Prompt » Transcribe the listing verbatim, please, with images dropped.
START Information provided
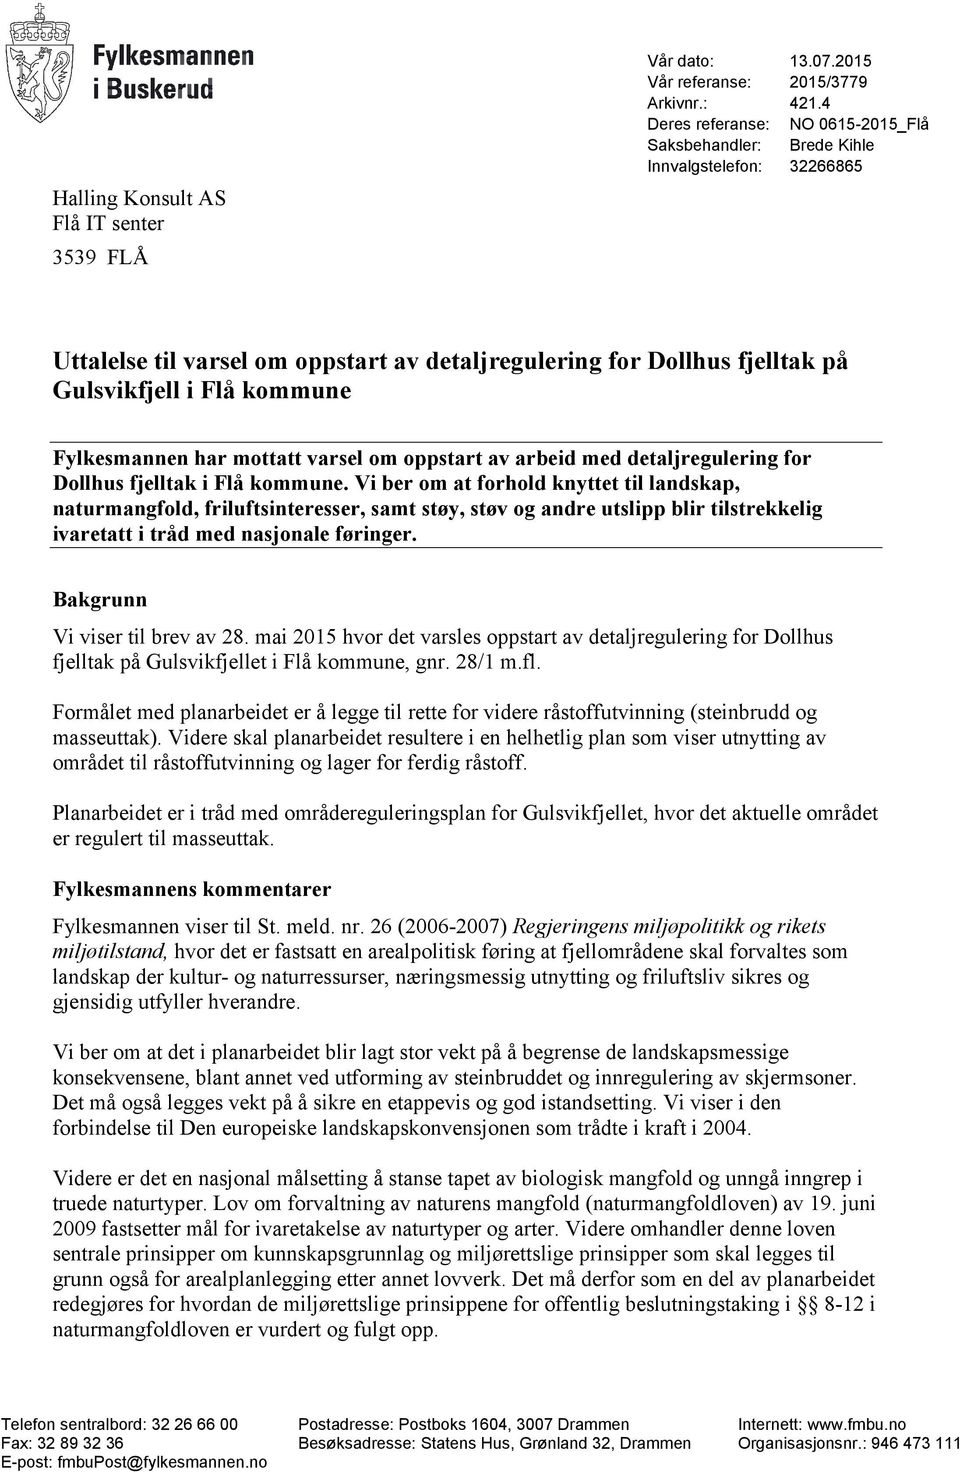 Fylkesmannen har mottatt varsel om oppstart av arbeid med detaljregulering for Dollhus fjelltak i Flå kommune.
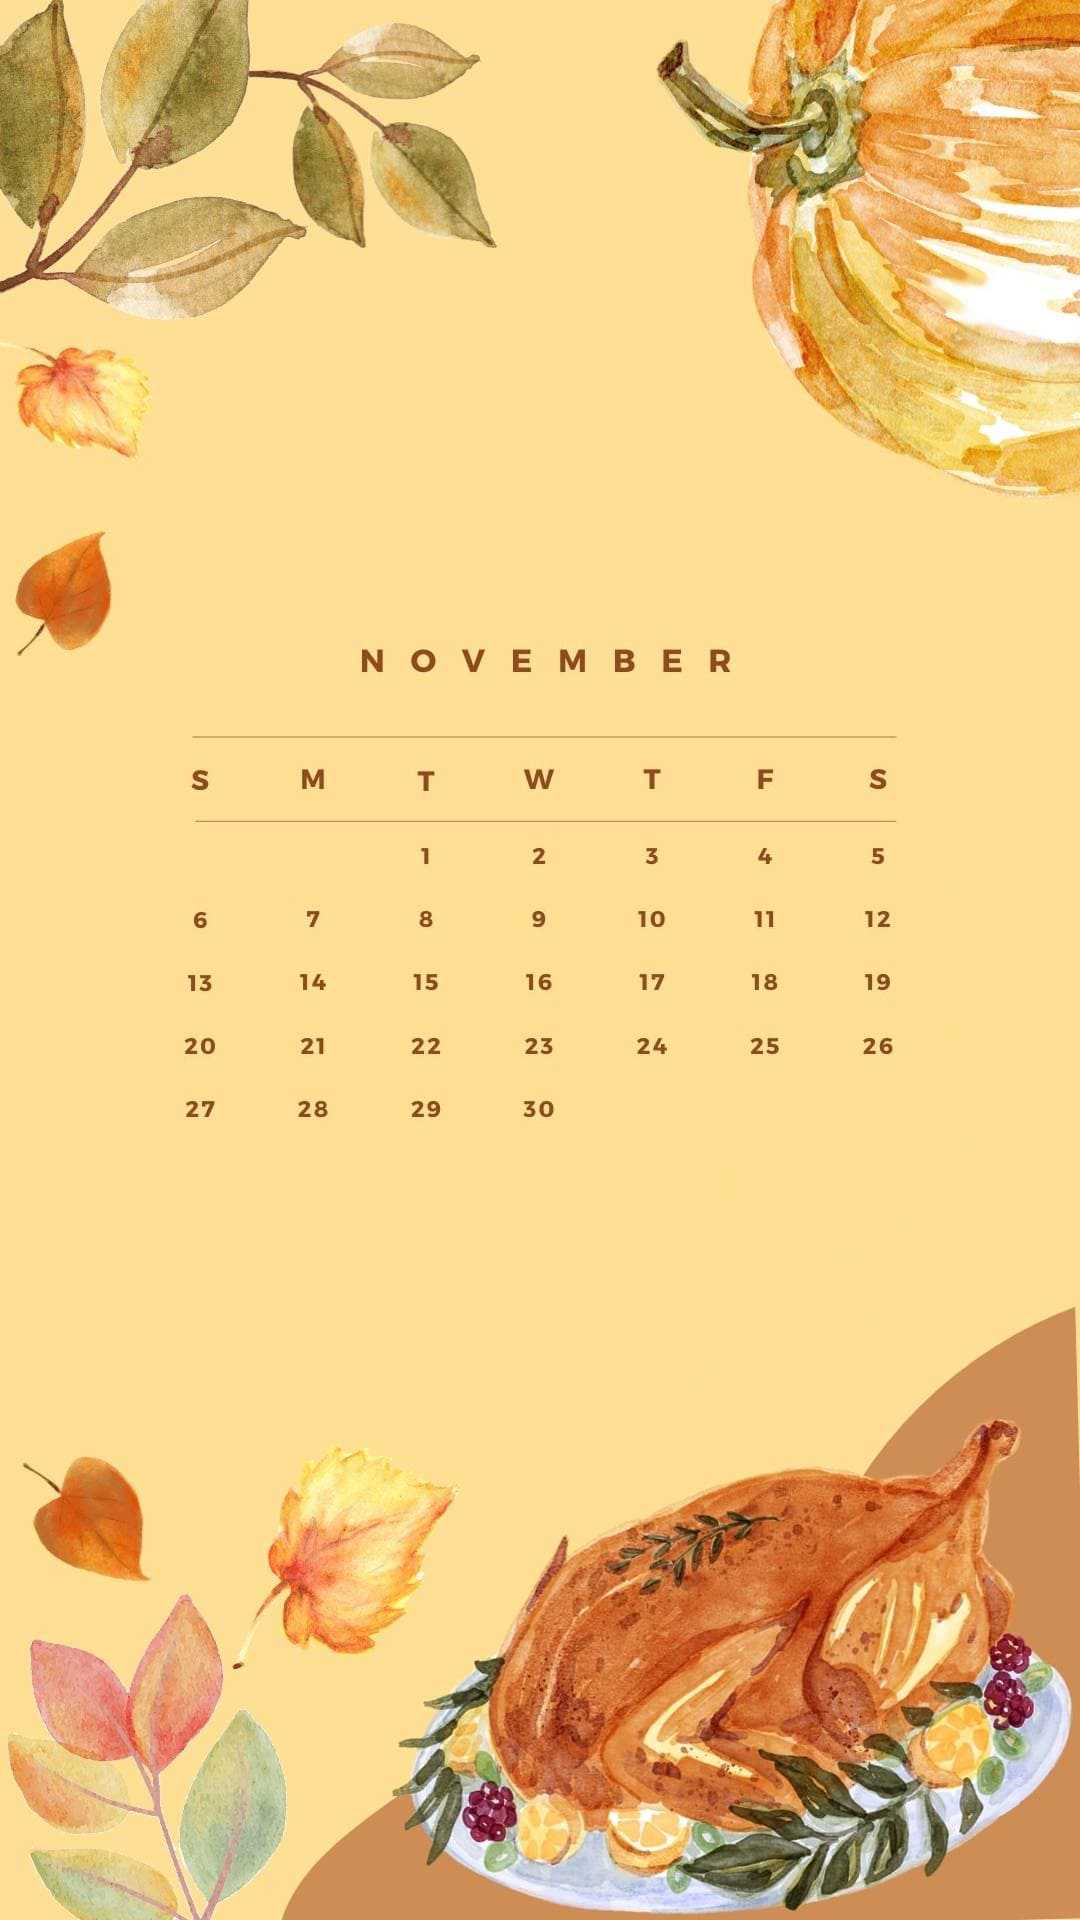 2022 November Calendar Wallpaper - iXpap
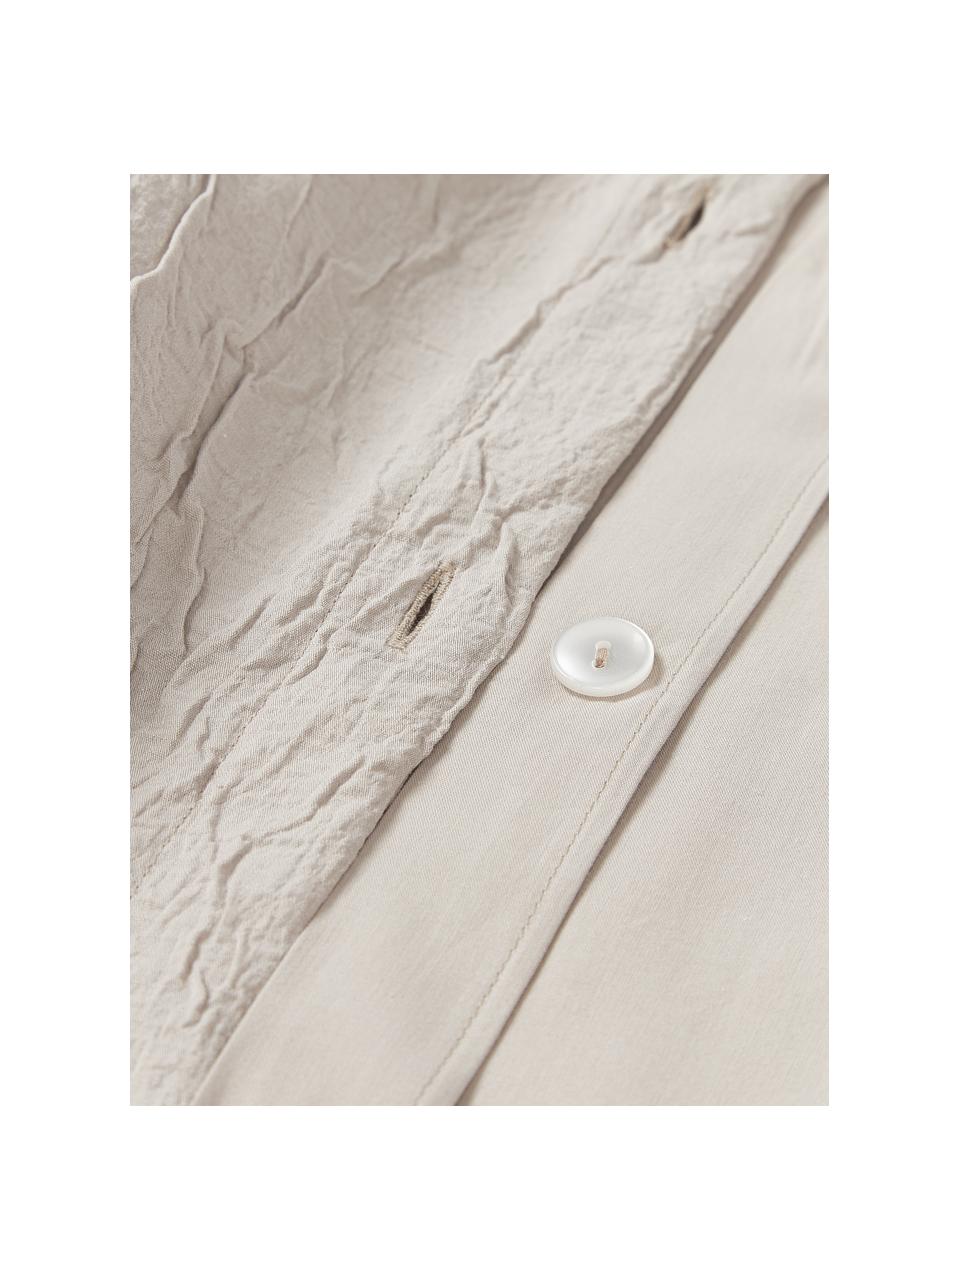 Copripiumino in cotone percalle Leonora, Retro: 100% cotone, Beige chiaro, Larg. 200 x Lung. 200 cm
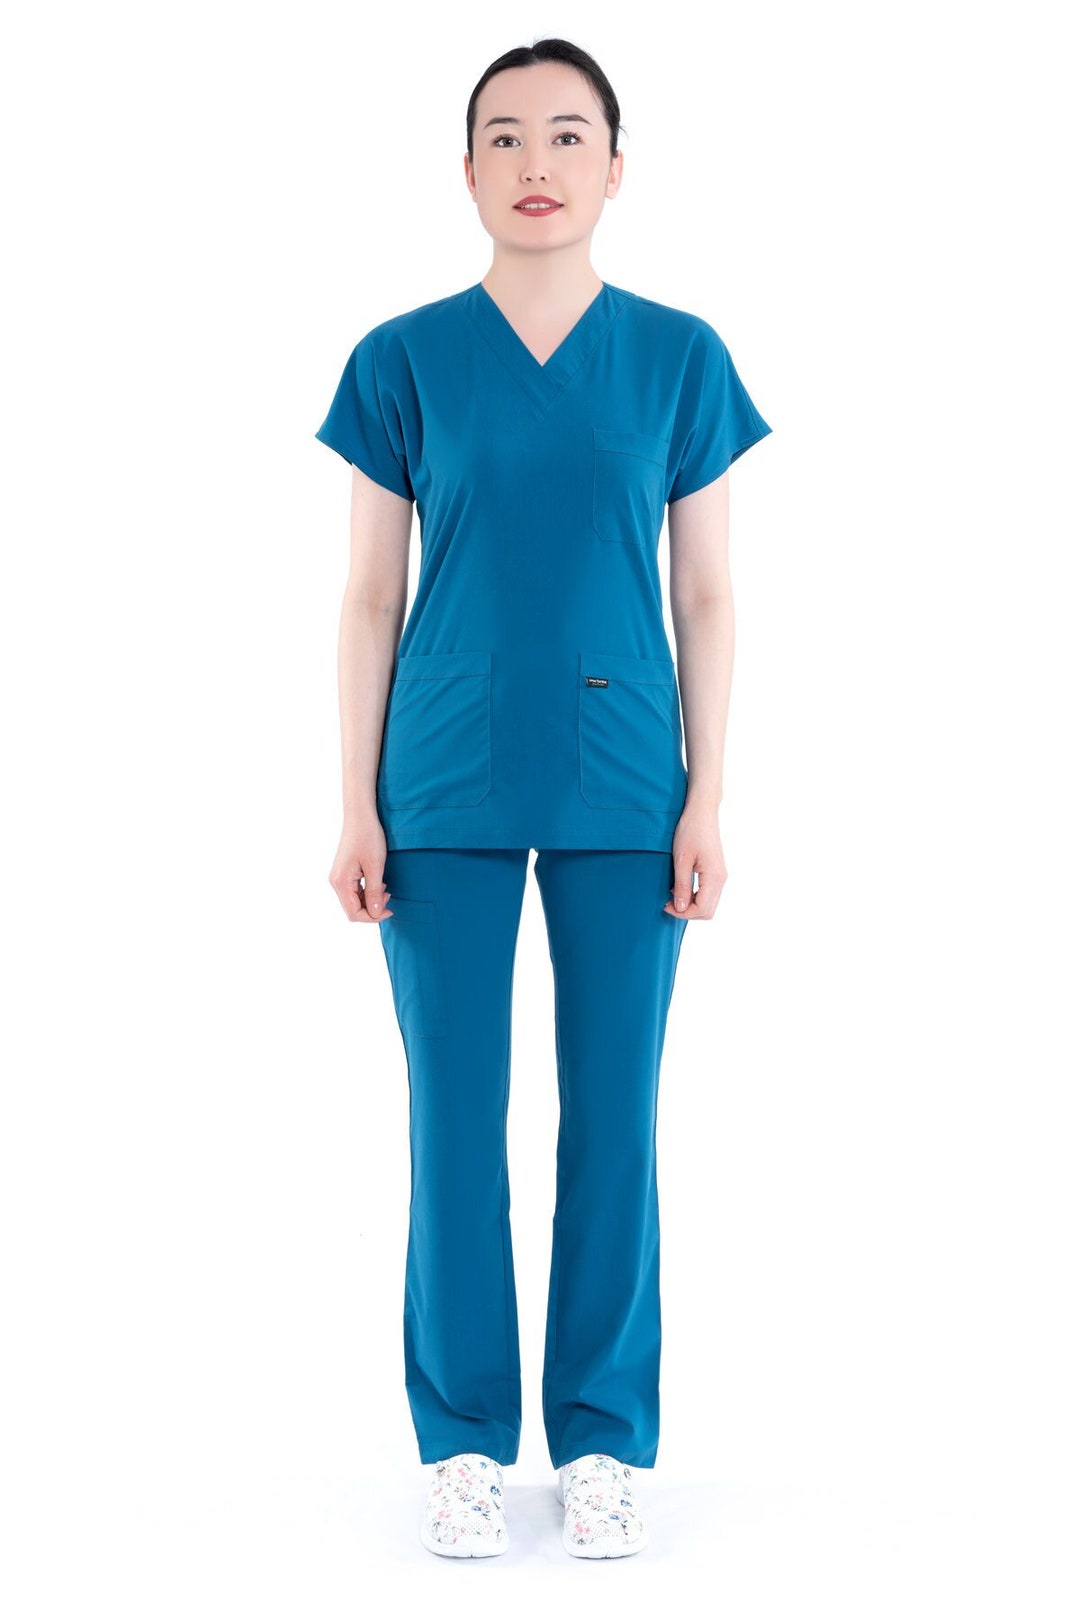 Personalized Blue Scrub Set, Nurse Uniform, Custom Scrub,medical Scrub ...
END Information provided
Solved problem »
 Fylkesmannen har mottatt varsel om oppstart av arbeid med detaljregulering for Dollhus fjelltak i Flå kommune.
 2022 November Calendar Wallpaper - iXpap
 Copripiumino in cotone percalle Leonora, Retro: 100% cotone, Beige chiaro, Larg. 200 x Lung. 200 cm
 Personalized Blue Scrub Set, Nurse Uniform, Custom Scrub,medical Scrub ...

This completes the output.